Bitlis… Tarihin gölgesini, medeniyetin sesini, dağların sertliğini ve insanın içtenliğini aynı anda taşıyan kadim bir şehir. Burada eğitim yönetmek sadece derslikleri, programları ve müfredatı yönetmek değildir; burada eğitim, insanı anlamakla, kültürü tanımakla ve şehrin ruhuna kulak vermekle başlar. Çünkü Bitlis’i dinlemeden Bitlis’te eğitim yönetilemez.

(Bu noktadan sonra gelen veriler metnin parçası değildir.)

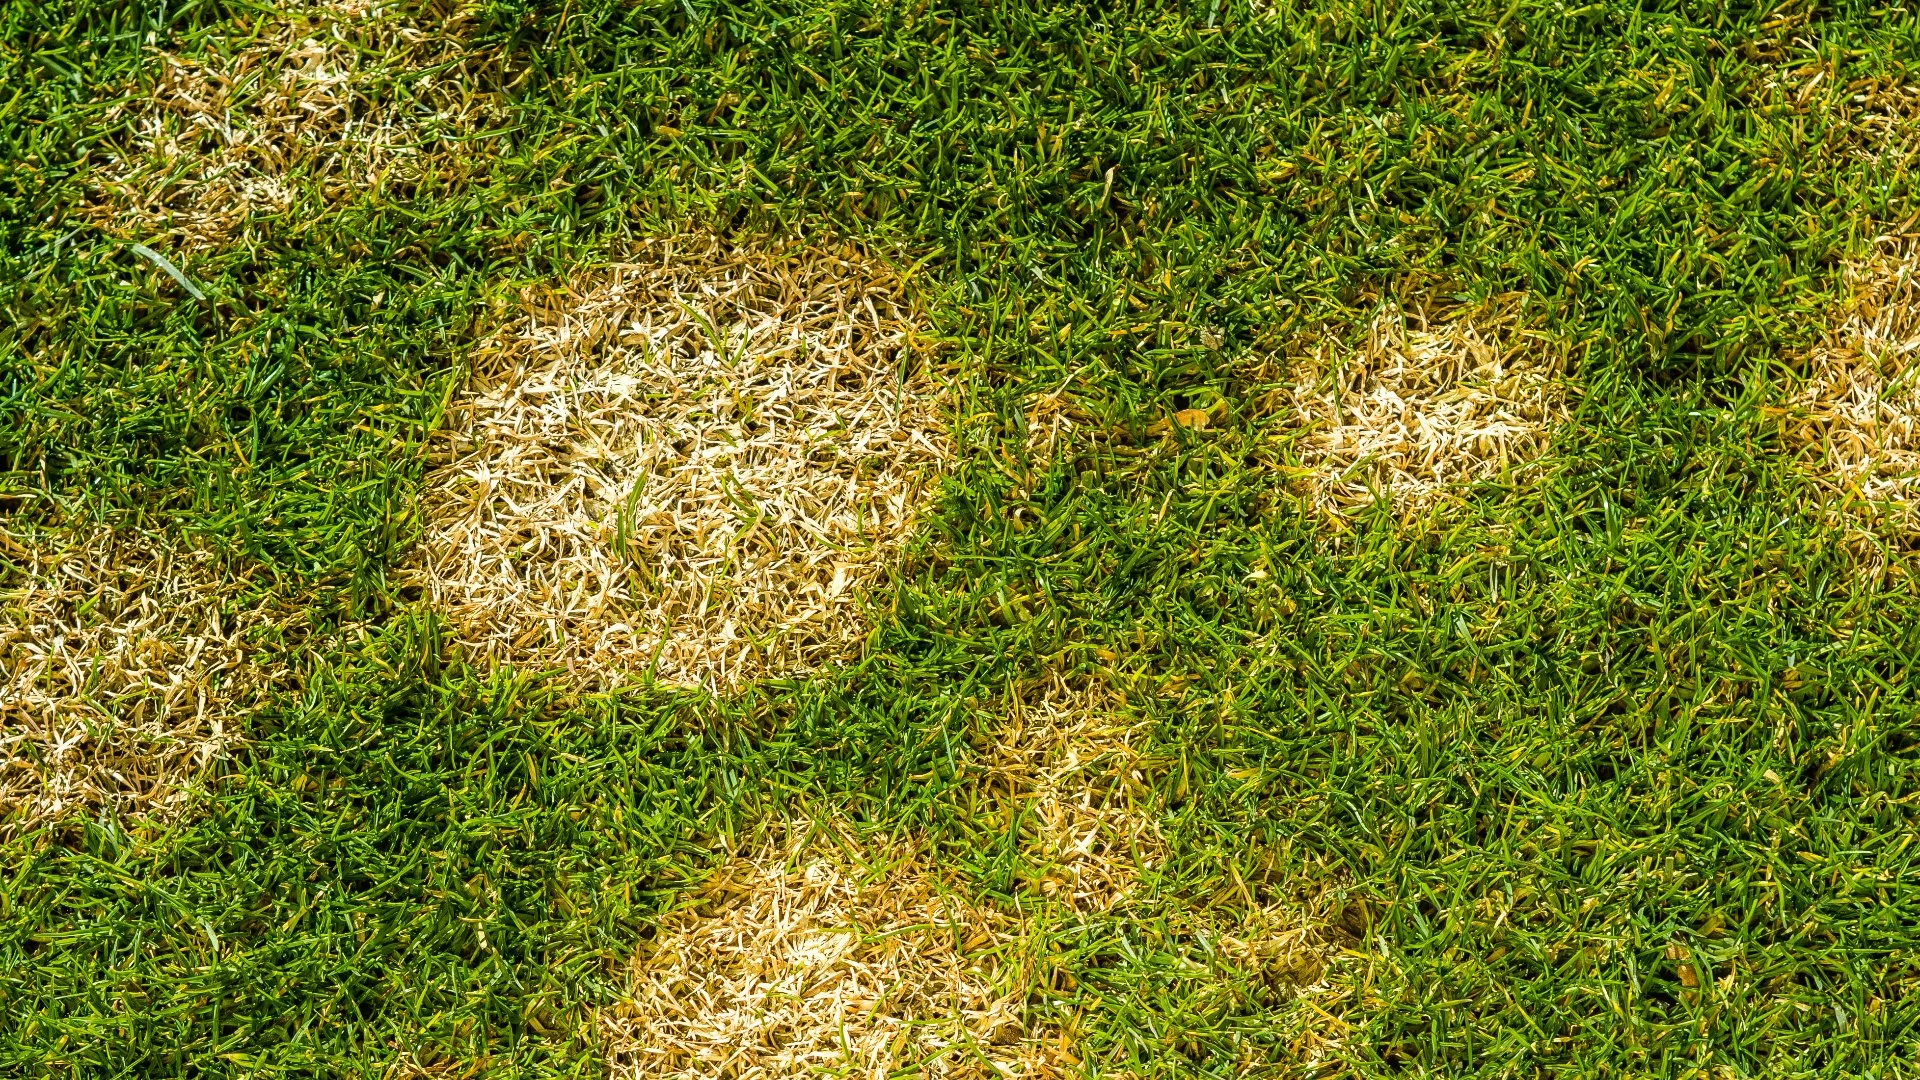 What Should You Do if You Suspect That Brown Patch Has Infected Your Lawn?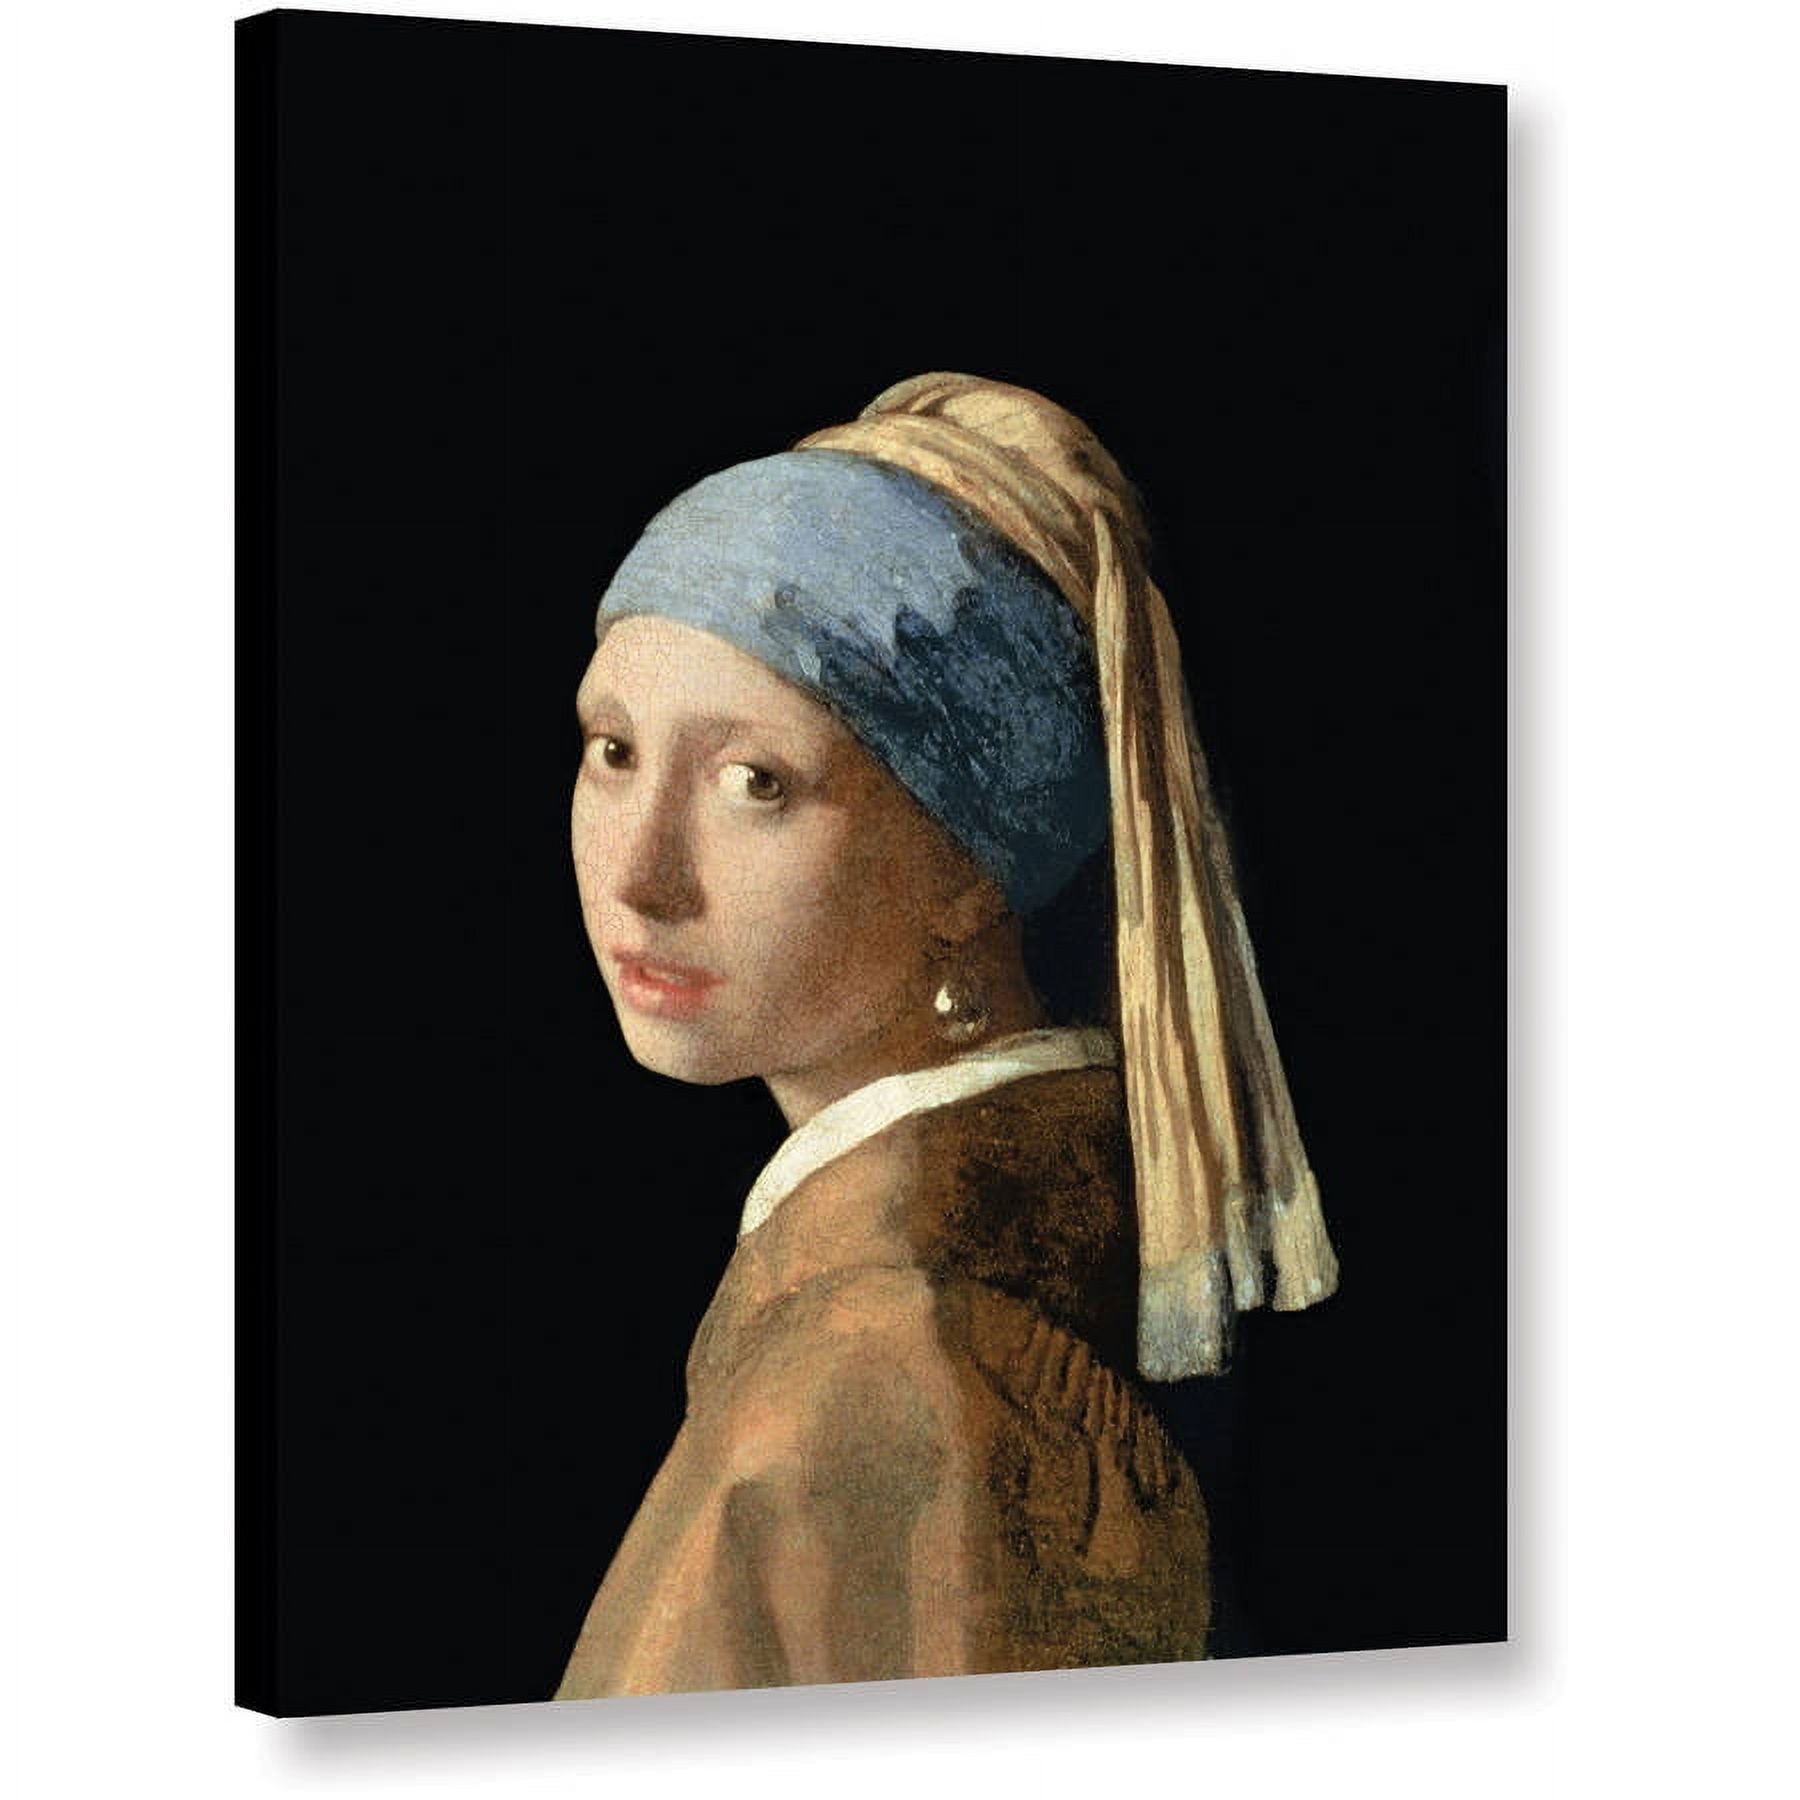 Johannes Vermeer "Girl With A Pearl Earring" Gallery-Wrapped Canvas - image 1 of 1

Yerelin Sesine Sağır Kalan Merkez
Yıllardır eğitim politikaları hep merkezden taşraya doğru şekillendirildi. Genelge geldi, uygulandı; proje hazırlandı, dayatıldı; sistem değişti, uyuldu. Ancak mesele şu: Bitlis’in kışını, çocukların kilometrelerce kardan yürüyerek okula gelişini bilmeyen; köy okullarında sobanın yanmadığı sabahı görmeyen; annelerin çocuğunu sırtında taşıyarak okula ulaştırdığı fedakârlığı duymayan bir yönetim, kağıt üzerindeki hiçbir planı gerçeğe dönüştüremez.
Eğitimde Başarı İçin Önce Dinlemek Gerek
Bitlis’in her ilçesi, her köyü ayrı bir hikâye barındırır. Hizan’da öğretmen yokluğunun nasıl bir yara olduğunu, Tatvan’da göçle büyüyen mahallerin çocuklarının nasıl bir aidiyet aradığını, Ahlat’ta tarih bilincinin nasıl bir eğitim aracı olabileceğini ancak dinleyen bilir. Eğitimde başarı için önce yöneticilerin, öğretmenlerin ve ailelerin sesine kulak verilmelidir. Öğretmen, sınıfta sadece ders anlatmaz; aynı zamanda toplumu gözler, ailelerin ihtiyaçlarını duyar, çocukların hayallerini okur. İşte bu sesler duyulmadan yapılan her düzenleme eksik kalır.
Bitlis’in Ruhunu Anlamak
Bitlis’in eğitimi, İstanbul’un kalabalık sınıflarıyla, Ankara’nın modern okullarıyla bire bir aynı olamaz. Burada doğa şartları, ekonomik koşullar, sosyal yapı ve gelenekler eğitimin bir parçasıdır. Yönetici, öğretmenini yalnızca ders defterinden değil, kar fırtınasında yolunu kaybedip yine de okula ulaşmasından okumalıdır. Çocuğun başarısını sadece sınav sonuçlarından değil, okula devam için verdiği mücadeleden görmelidir.
Yönetmek Değil, Yol Arkadaşlığı Yapmak
Bitlis’te eğitimi yönetmek, buyurarak olmaz; birlikte yürüyerek olur. Öğretmeni, velisi, öğrencisi dinlenmeden alınan kararlar, köksüz kalmaya mahkûmdur. Bu şehir, gönlüyle konuşur. Gönlü dinlemeyen hiçbir yönetici, bu şehirde eğitimde kalıcı bir iz bırakamaz.
Unutmayalım: Bitlis’i dinlemeden Bitlis’te eğitim yönetilemez. Çünkü eğitim sadece bilgi aktarmak değil, ruhu anlamaktır. Ve Bitlis’in ruhu, önce dinleyenlere açılır.